However, as early as the ICMI Study 8 (1992–1998) on Mathematics Education as a Research Domain: A Search for Identity (Sierpinska and Kilpatrick 1998), working group 4, led by Susan Pirie, Tommy Dreyfus and Jerry Becker, was raising questions about the issue of results and their validity. An interesting question was raised:

To what extent can research results from one environment or culture (e. g. Japan) be linked to those from another culture (e.g. the USA) and to what extent are results culture specific? (p. 27)

Although the issue was raised about 20 years ago, at the ICMI Study Conference in Washington, DC, in 1994, the acknowledgement of the issue of cultural context in major international journals and conferences remains uncommon (Bartolini Bussi and Martignone 2013). In support of this claim, it is enough to quote some excerpts from the information given to prospective authors of empirical studies by one of the major international journals, i.e. the Journal for Research in Mathematics Education (NCTM n.d.).

The Journal for Research in Mathematics Education seeks high quality manuscripts that contribute knowledge to the field of mathematics education. For an author’s work to be publishable, it needs to exhibit qualities that characterize well-conceived and well-reported research studies.

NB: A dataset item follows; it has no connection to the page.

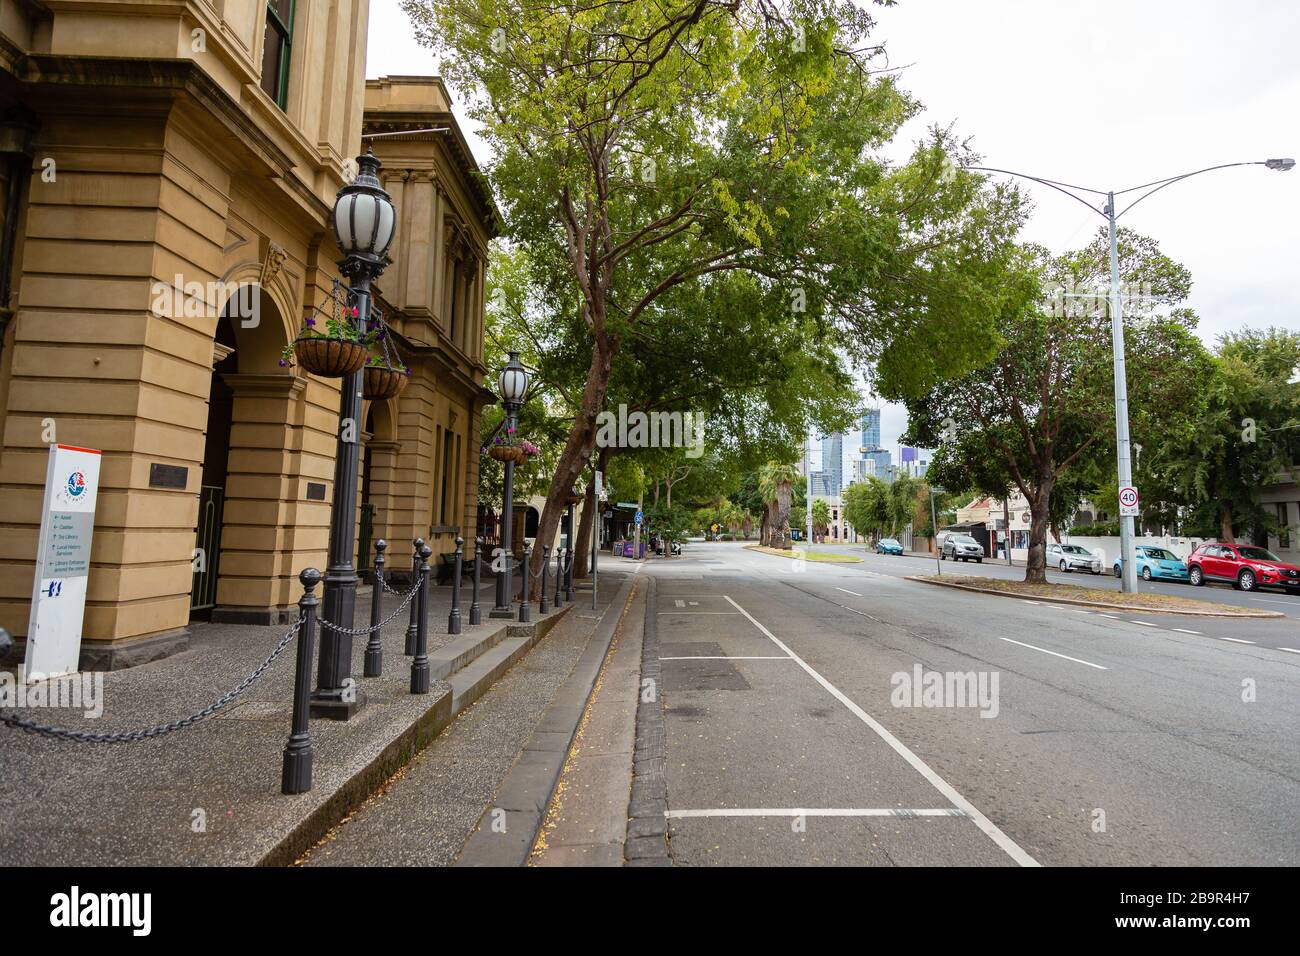 Melbourne, Australie, 25 mars 2020. Les rues du port de Melbourne sont vides car la pandémie COVID-19 frappe Melbourne, Australie. Crédit: Dave Hemaison/Alay Live News Banque D'Images

The following information illustrates characteristics of strong manuscripts that have been submitted to JRME.

The following items are then elaborated:

  • appropriate purpose and rationale

  • clear research questions

  • an informative literature review

  • a coherent theoretical framework

  • clearly described research methods

  • sound research design and methods

  • claims about results and implications that are supported by data

  • contribution to the field of mathematics education

  • clearly explained and appropriately used terms

  • high quality writing

  • mathematical accuracy.

An abridged version of the same document appears in the PME 39 (2015) guidelines for research reports of empirical studies.

Observational, ethnographic, experimental, quasi-experimental, and case studies are all suitable.

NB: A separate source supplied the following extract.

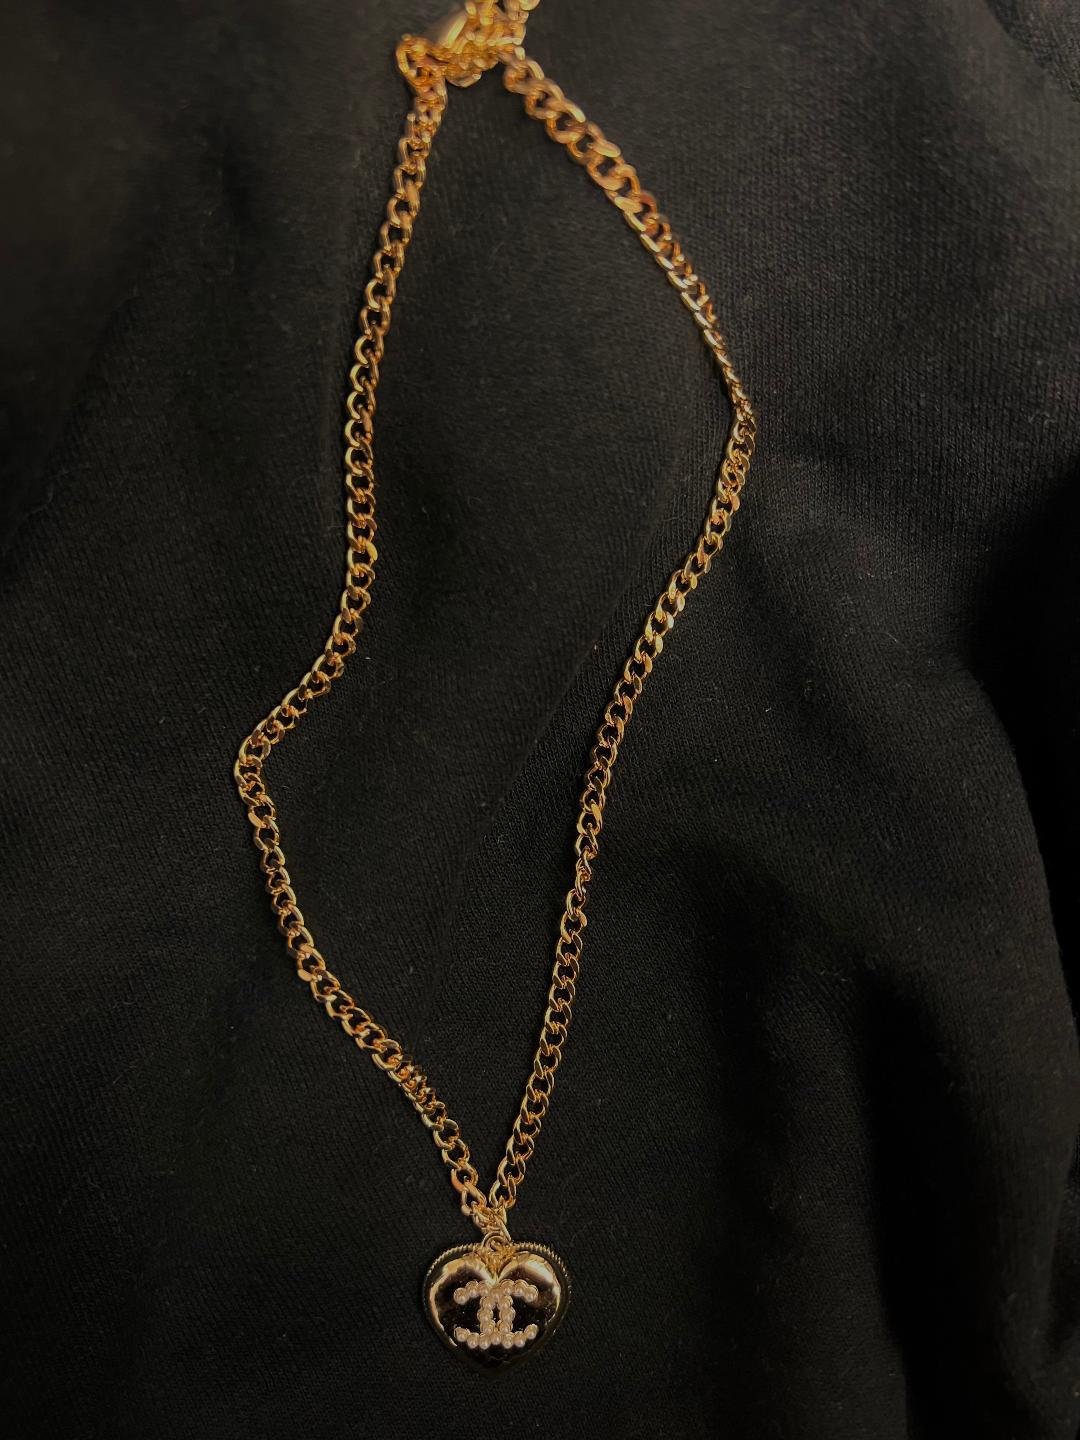 J Nicole $105 Necklace

Reports of empirical studies should contain, at minimum, the following:

  • a statement regarding the focus of the submitted paper;

  • the study’s theoretical framework;

  • references to the related literature;

  • an indication of and justification for the study’s methodology; and

  • a sample of the data and the results (additional data can be presented at the conference but some data ought to accompany the proposal)

In both cases, no reference to the social and cultural context is explicitly mentioned. Hence, the limited space allowed either for manuscripts or (even more limited) for research reports is likely to inhibit the author’s intention of framing the empirical study within its context. Moreover, it implicitly conveys the idea that every relevant scientific communication must follow the above structure, where there is no reference to the social and cultural context. It seems a limiting rather than a proactive statement.

For example, open-class activities/lesson studies that view the classroom as an open or public space, which has been a major influence in the professional development of teachers in China and Japan for many years, may be contrasted with the view of the private and autonomous classroom that has been described as common in the Western tradition (see, for instance, Sztein et al. 2010).

Instead, the evidence of some ongoing changes may be found in the guidelines for reviewers in two subsequent Conferences of the European Society for Research in Mathematics Education. The CERME 8 (2013) guidelines read:

  • Reports of Studies (Empirical or Developmental)

  • Surveys, observational, ethnographic, experimental or quasi-experimental studies, case studies are all suitable. Papers should contain at least the following:

  • a statement about the focus of the paper;

  • an indication of the theoretical framework of the study reported, including references to the related literature;

  • an indication of and justification for the methodology used (including problem, goals and/or research questions; criteria for the selection of participants or sampling; data collection instruments and procedures);

  • results;

  • final remarks or conclusions

The CERME 9 (2015) guidelines added a new indicator:

  • an indication on the scientific and cultural context in which this study is embedded (explaining crucial assumptions and the possible contingency of the relevance of the study for a specific cultural context)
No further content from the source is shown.